Rusya geriliminde yeni safha: Türkiye, Dünya Ticaret Örgütü'ne başvuracak
Türkiye, Rusya'nın uyguladığı yaptırımlara karşı Dünya Ticaret Örgütü'ne başvurmaya hazırlanıyor.
Ekonomi Bakanı Mustafa Elitaş, Rusya’daki küçük şehirlerde yer alan Türk şirketlerinin hisselerini Rus ortaklarına bırakmaları için ‘tehdit’ edildiğini iddia ederek, “Ticaretin ahlakı vardır. Bu insanlar Rus devletine güvenip yatırım yapmışlar. Sabırla izliyoruz, Türkiye de karşı ambargo koyabilir” dedi.
Elitaş, Rusya masasına gelen şikâyetlerin Dünya Ticaret Örgütü nezdinde değerlendirildiğini belirterek, “Gelen şikâyetlere ilişkin delilleri topluyoruz. Uluslararası mahkemelere gitmek söz konusu olacak. Hak zayiine uğrayan kim varsa hakkı aranacak” dedi.

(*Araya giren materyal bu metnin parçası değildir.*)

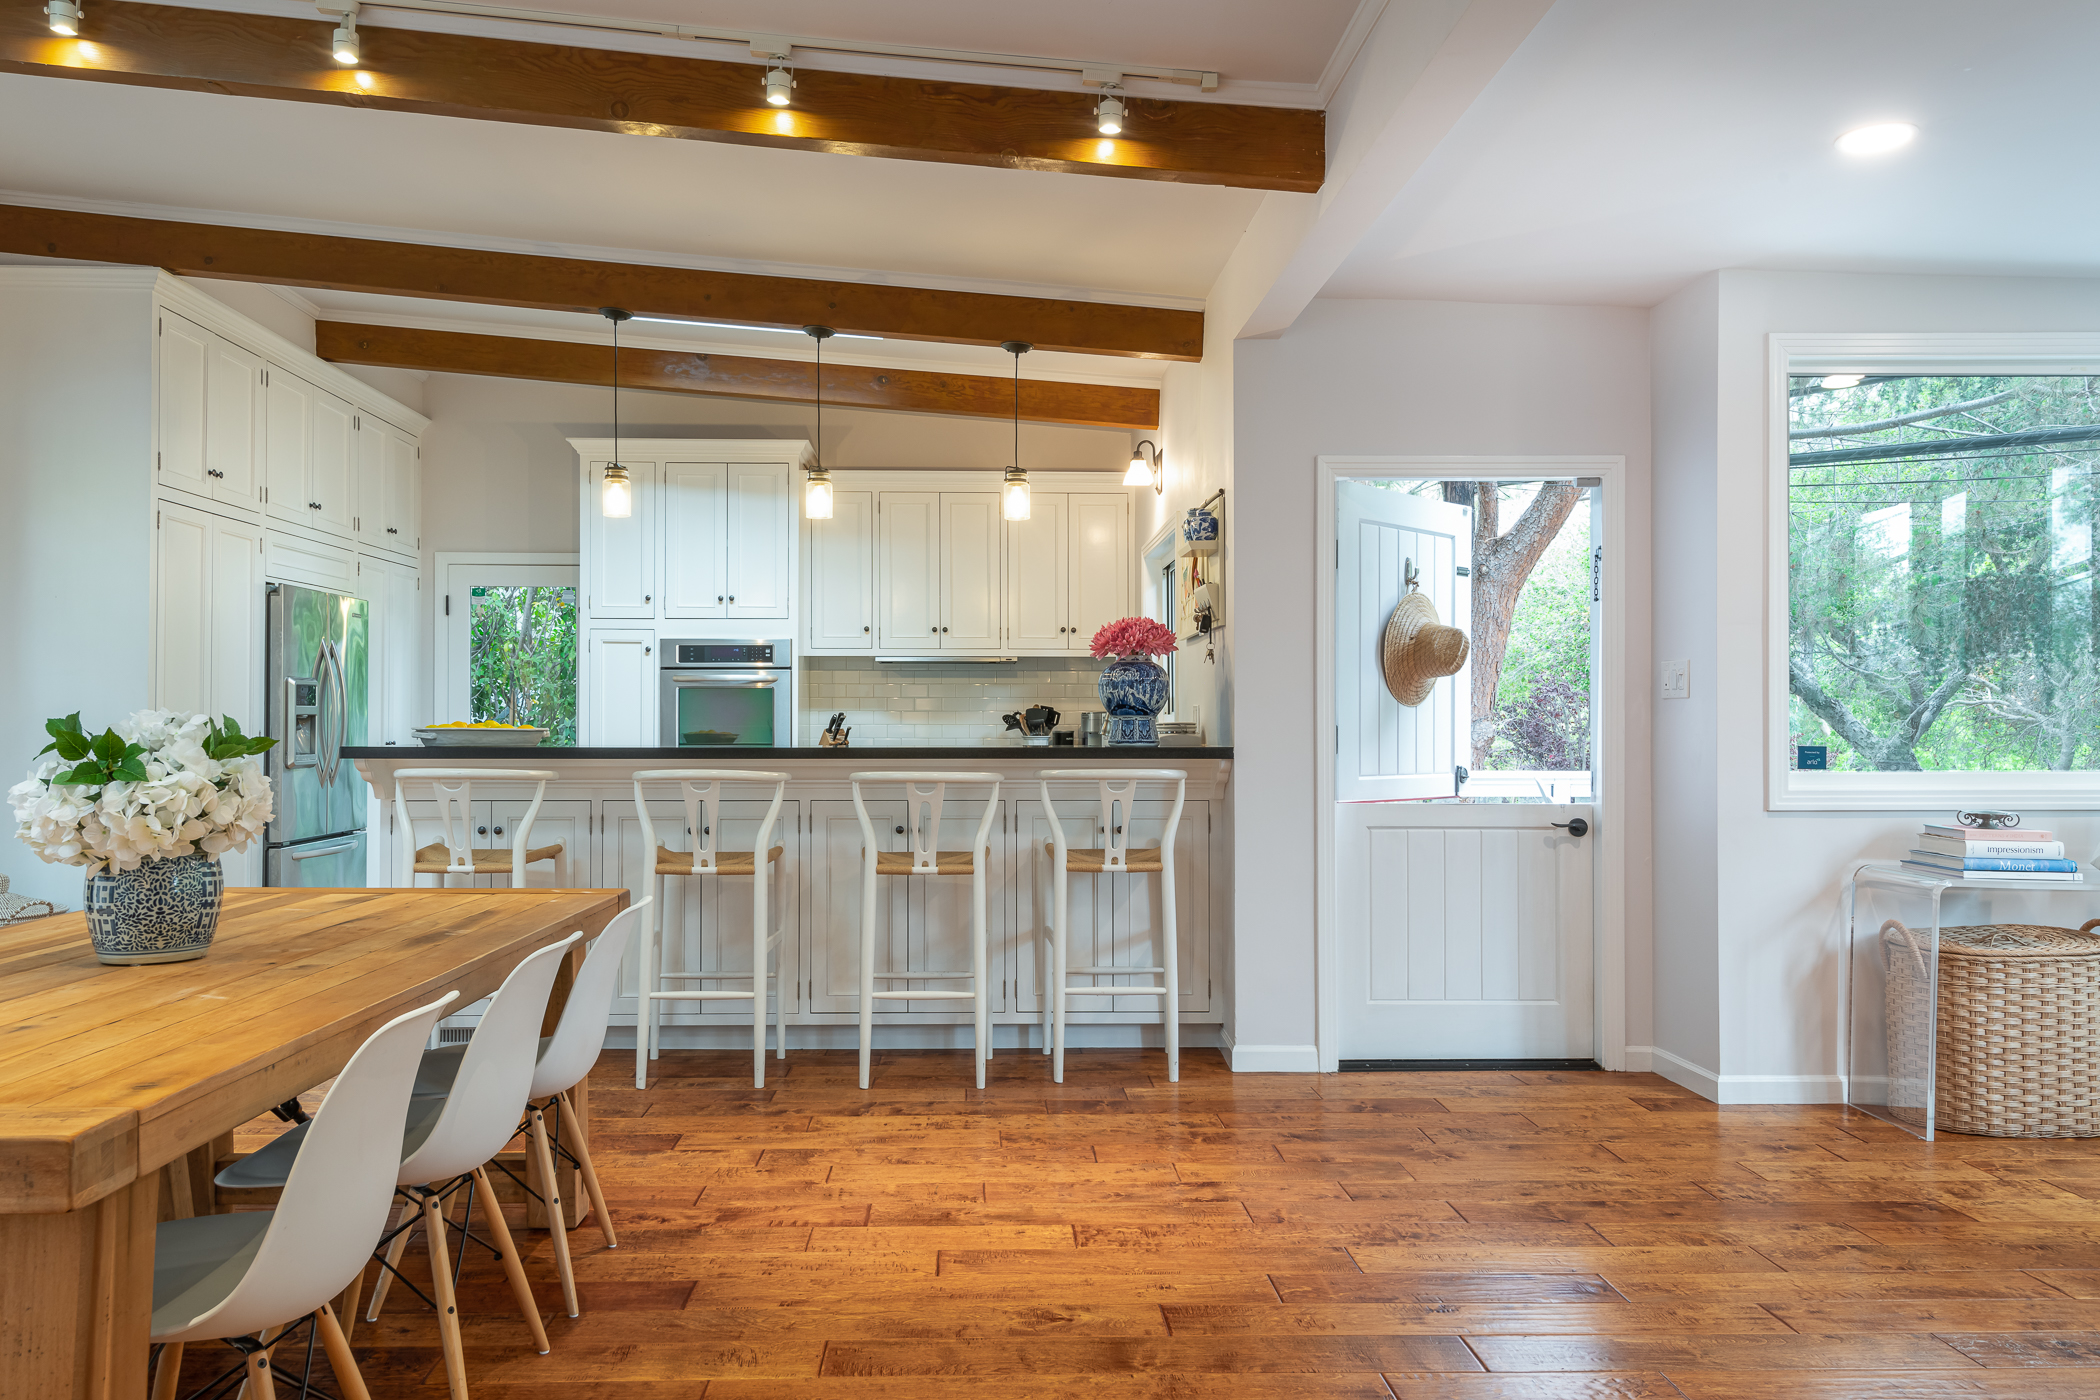 Bright dining room and kitchen with wood exposed beams and hand hewn floor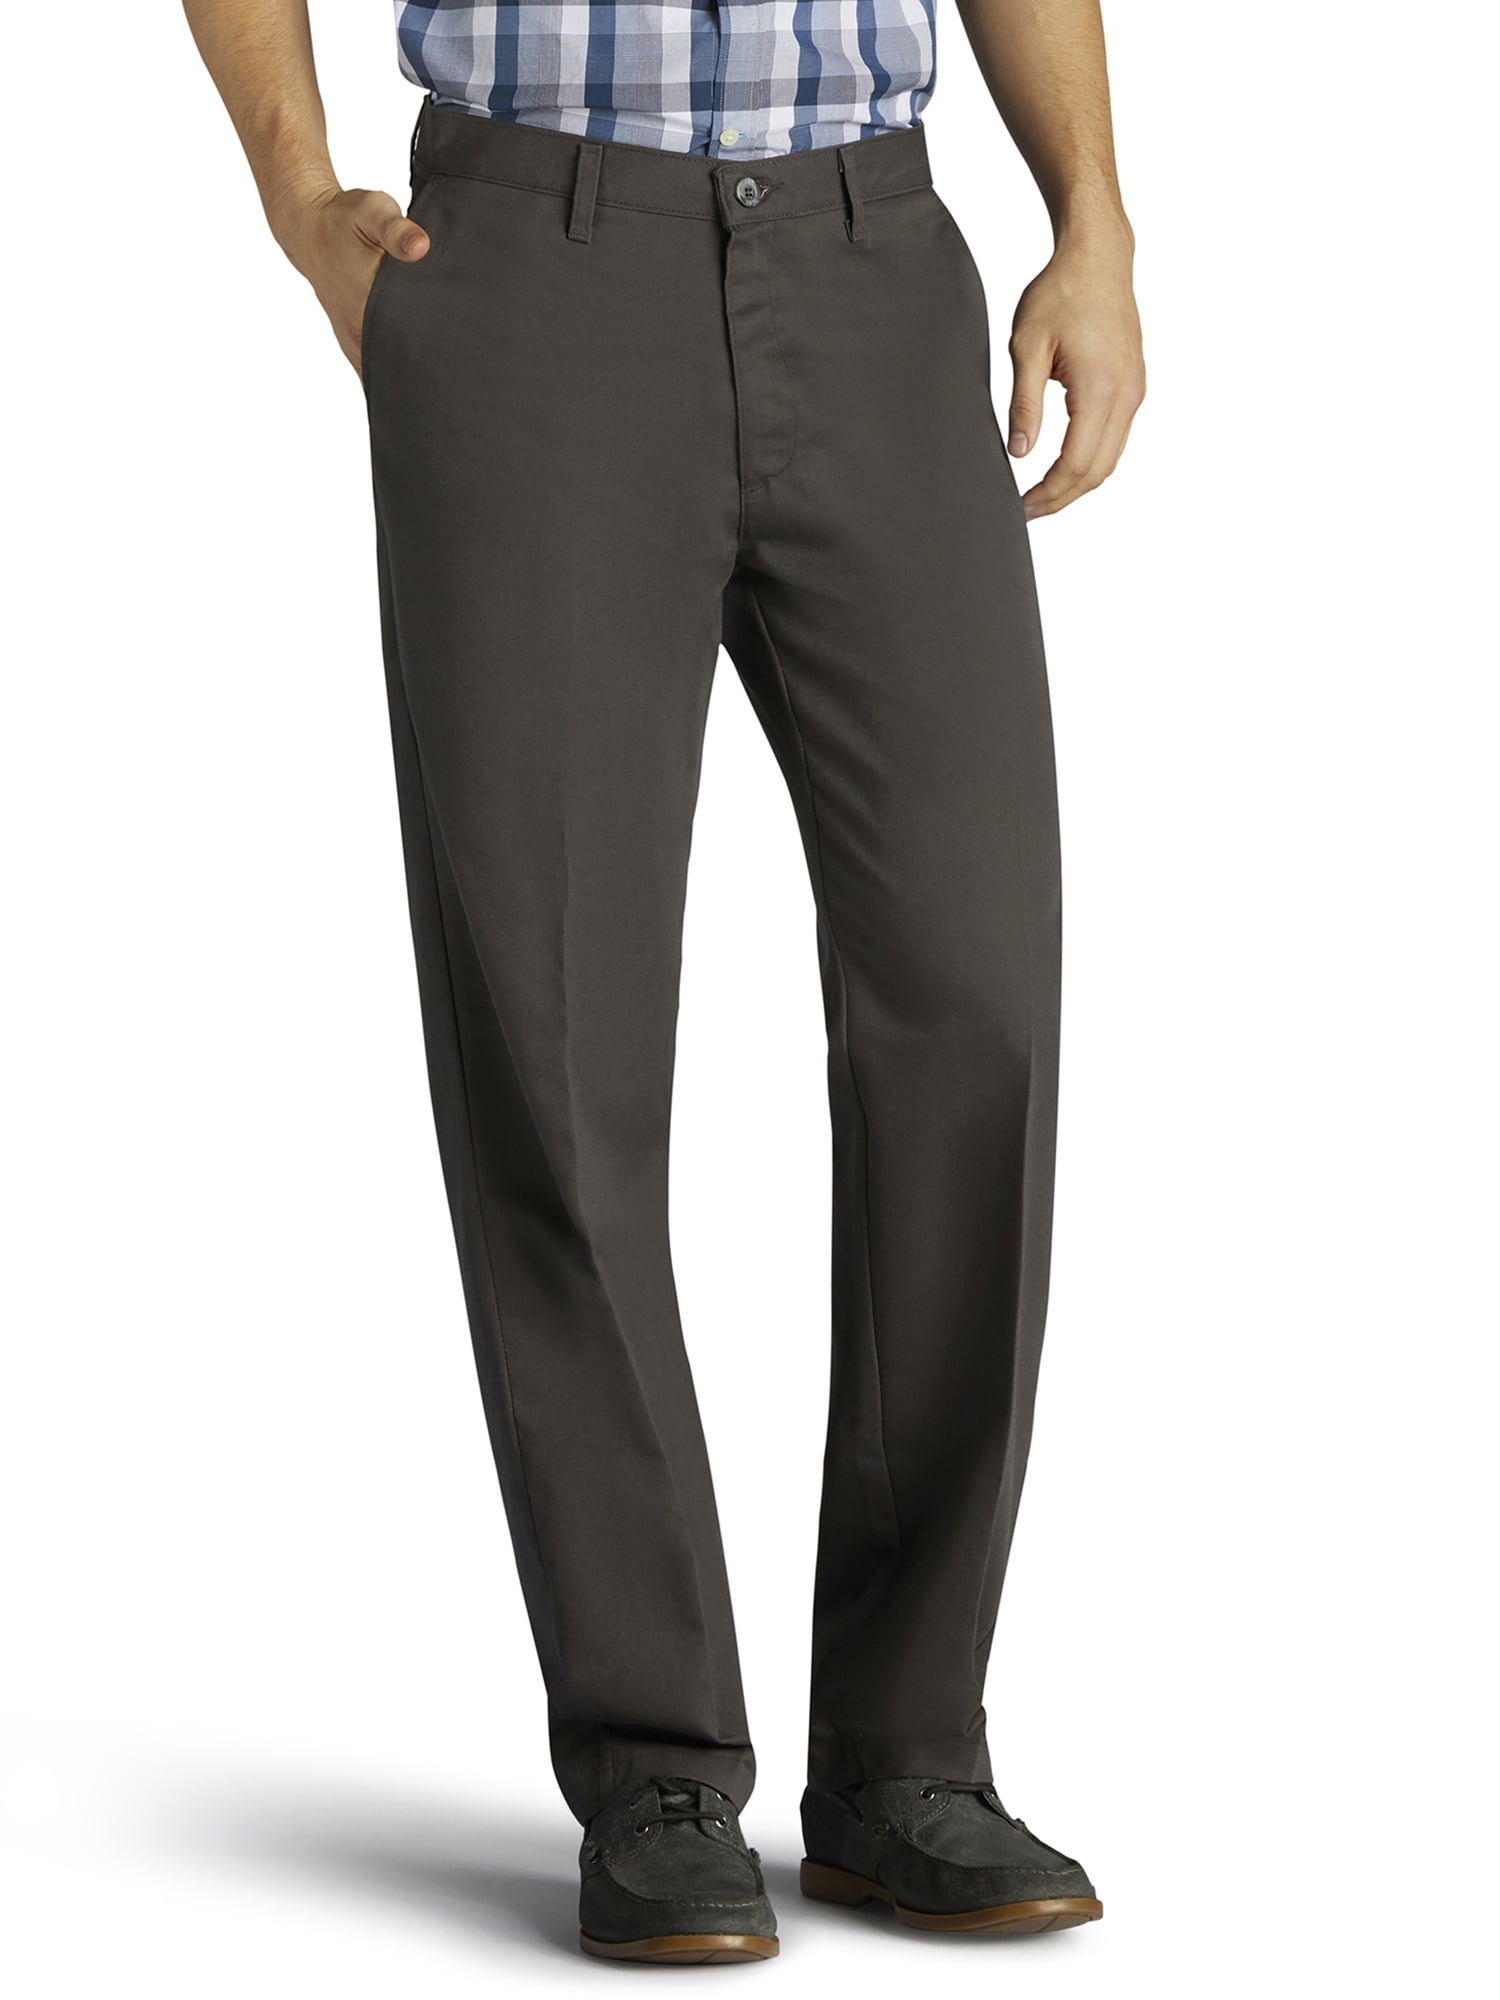 Lee Men's Total Freedom Relaxed Fit Tapered Leg Pant - Walmart.com

Yarovaya: Türkiye’nin açıklaması trajikomik
Öte yandan Rusya Devlet Duması Güvenlik ve Yolsuzlukla Mücadele Komitesi Başkanı İrina Yarovaya, Elitaş’ın açıklamasını trajikomik bulduğunu söyledi.
RİA Novosti haber ajansına konuşan Yarovaya, “Türk yönetiminden yapılan ‘ahlak’ ile ilgili açıklama, trajikomik. Aynı zamanda üzücü ve gülünç. Halkın çıkarlarını IŞİD ile yasadışı ticarete değişen ve Suriye halkını yıkıma uğratan Türk yönetiminin faaliyetlerinden zarar gören Türk halkı için üzücü bir durum. Öte yandan da gülünç çünkü açıklamanın saçmalığı ortada. Ayrıca BM Tüzüğü’ndeki uluslararası barış ve güvenliğin korunmasıyla ilgili taleplerin yerine getirilmesi için DTÖ sözleşmesinde önemli bir madde bulunduğu da ortada” ifadelerini kullandı.
“Türkiye istediği yere şikayet edebilir”
Rusya Federasyon Konseyi Savunma Komitesi Başkan Yardımcısı Frants Klintseviç Türkiye’nin girişimini ‘umutsuz’ diye niteleyip, “Ankara istediği kadar ve istediği yere şikayette bulunabilir. Rusya’nın Türkiye’ye uyguladığı yaptırımlar sırtımızdan aldığımız darbeye verdiğimiz en hafif karşılık” diye konuştu.
Rus haber ajansı Ria Novosti’de yer alan habere göre Klintseviç şunları kaydetti: “Türk hükümeti uçağı vurma talimatını verirken ne olacağını düşünüyordu ki? Bu trajik olaydan sonra iki ülke arasındaki ilişkilerin değişmeyeceğini, Rus turistlerin önceden olduğu gibi Alanya, Belek ve Kemer’deki otelleri dolduracağını ve Türk iş sektörünün hala kendini evinde gibi hissedeceğini mi düşünüyorlardı? Tamamen saçmalık. Bunların önceden düşünülmesi gerekirdi.”